### ABOUT THIS TASK
Retype all the entries word for word, but omit the pictures.

[Records from a data source]
== == ==
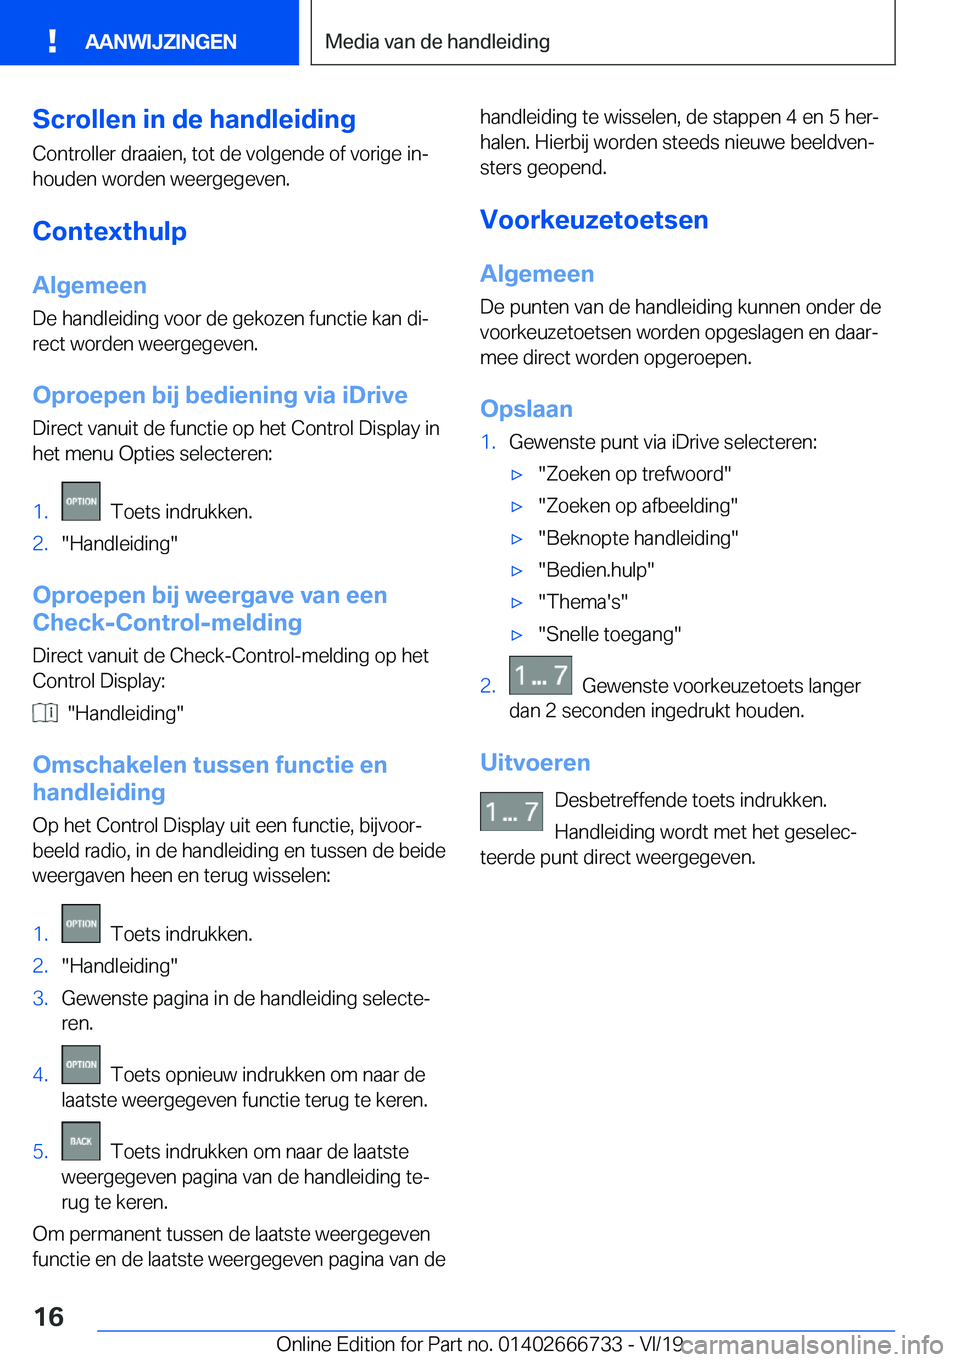 BMW M5 2020  Instructieboekjes (in Dutch) �S�c�r�o�l�l�e�n��i�n��d�e��h�a�n�d�l�e�i�d�i�n�g
�C�o�n�t�r�o�l�l�e�r��d�r�a�a�i�e�n�,��t�o�t��d�e��v�o�l�g�e�n�d�e��o�f��v�o�r�i�g�e��i�nj
�h�o�u�d�e�n��w�o�r�d�e�n��w�e�e�r�g�e�g�e�v�e
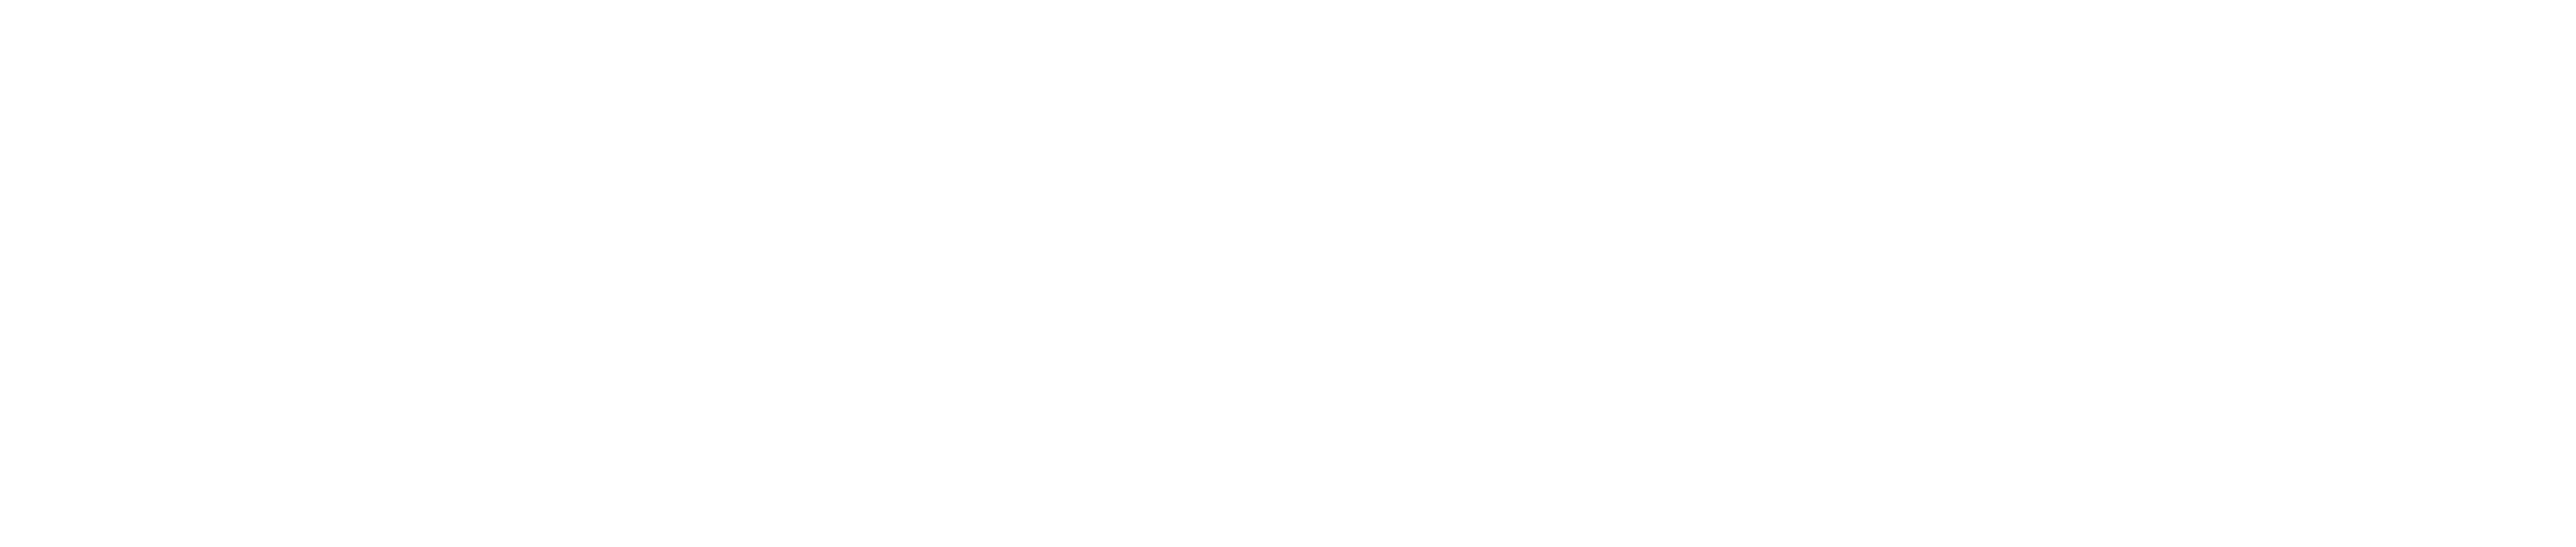 Nordic Medialab
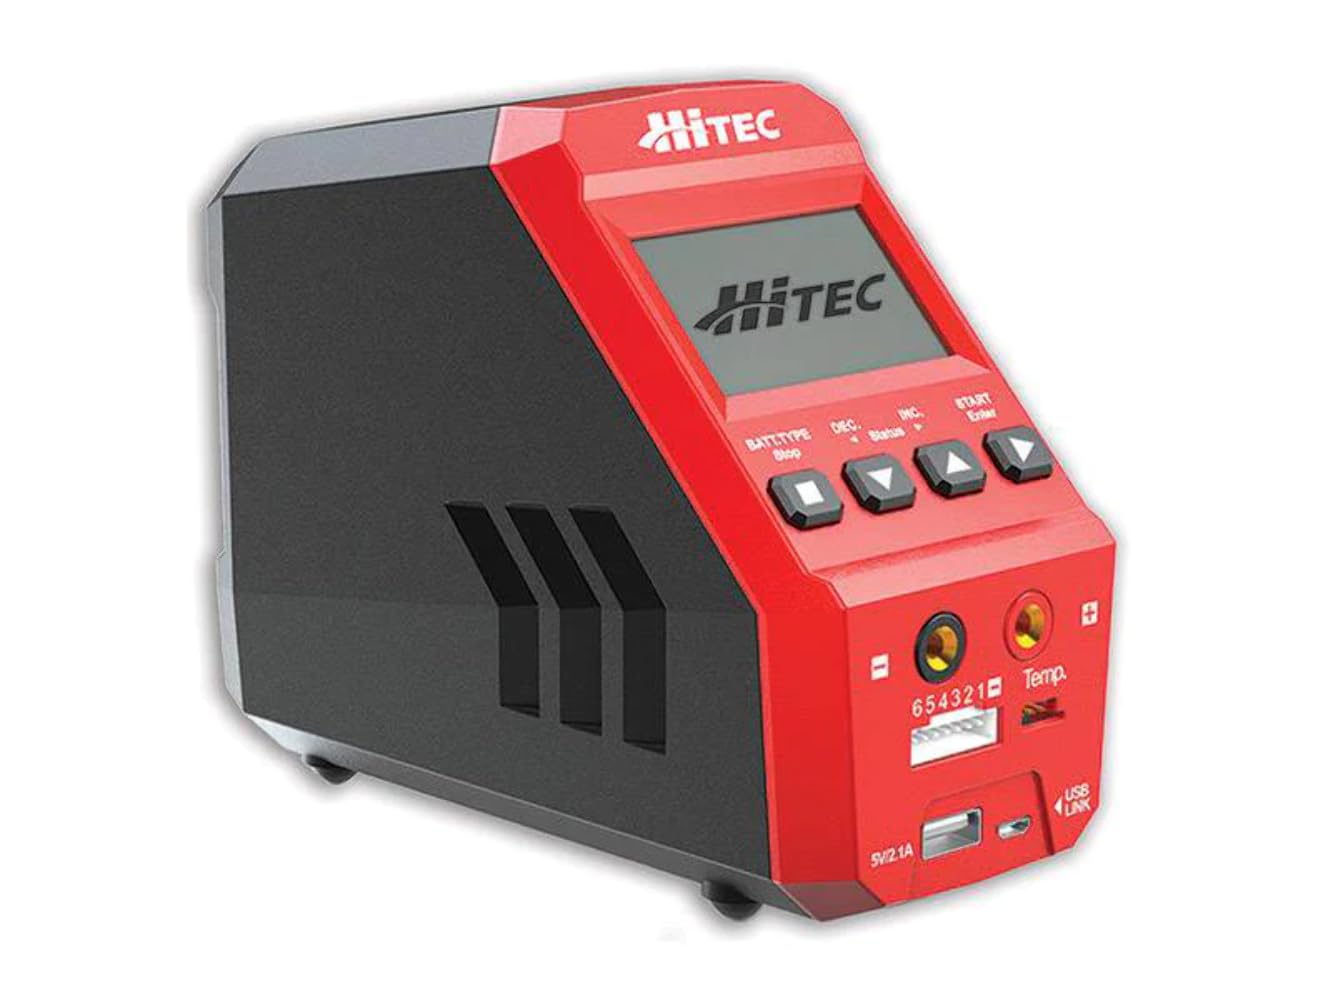 Hitec RCD Hitech RCD 44245 RDX1 AC/DC Battery Charger/Discharger
== == ==
### ANSWER TO THIS TASK
 BMW M5 2020  Instructieboekjes (in Dutch) �S�c�r�o�l�l�e�n��i�n��d�e��h�a�n�d�l�e�i�d�i�n�g
�C�o�n�t�r�o�l�l�e�r��d�r�a�a�i�e�n�,��t�o�t��d�e��v�o�l�g�e�n�d�e��o�f��v�o�r�i�g�e��i�nj
�h�o�u�d�e�n��w�o�r�d�e�n��w�e�e�r�g�e�g�e�v�e
 Nordic Medialab
 Hitec RCD Hitech RCD 44245 RDX1 AC/DC Battery Charger/Discharger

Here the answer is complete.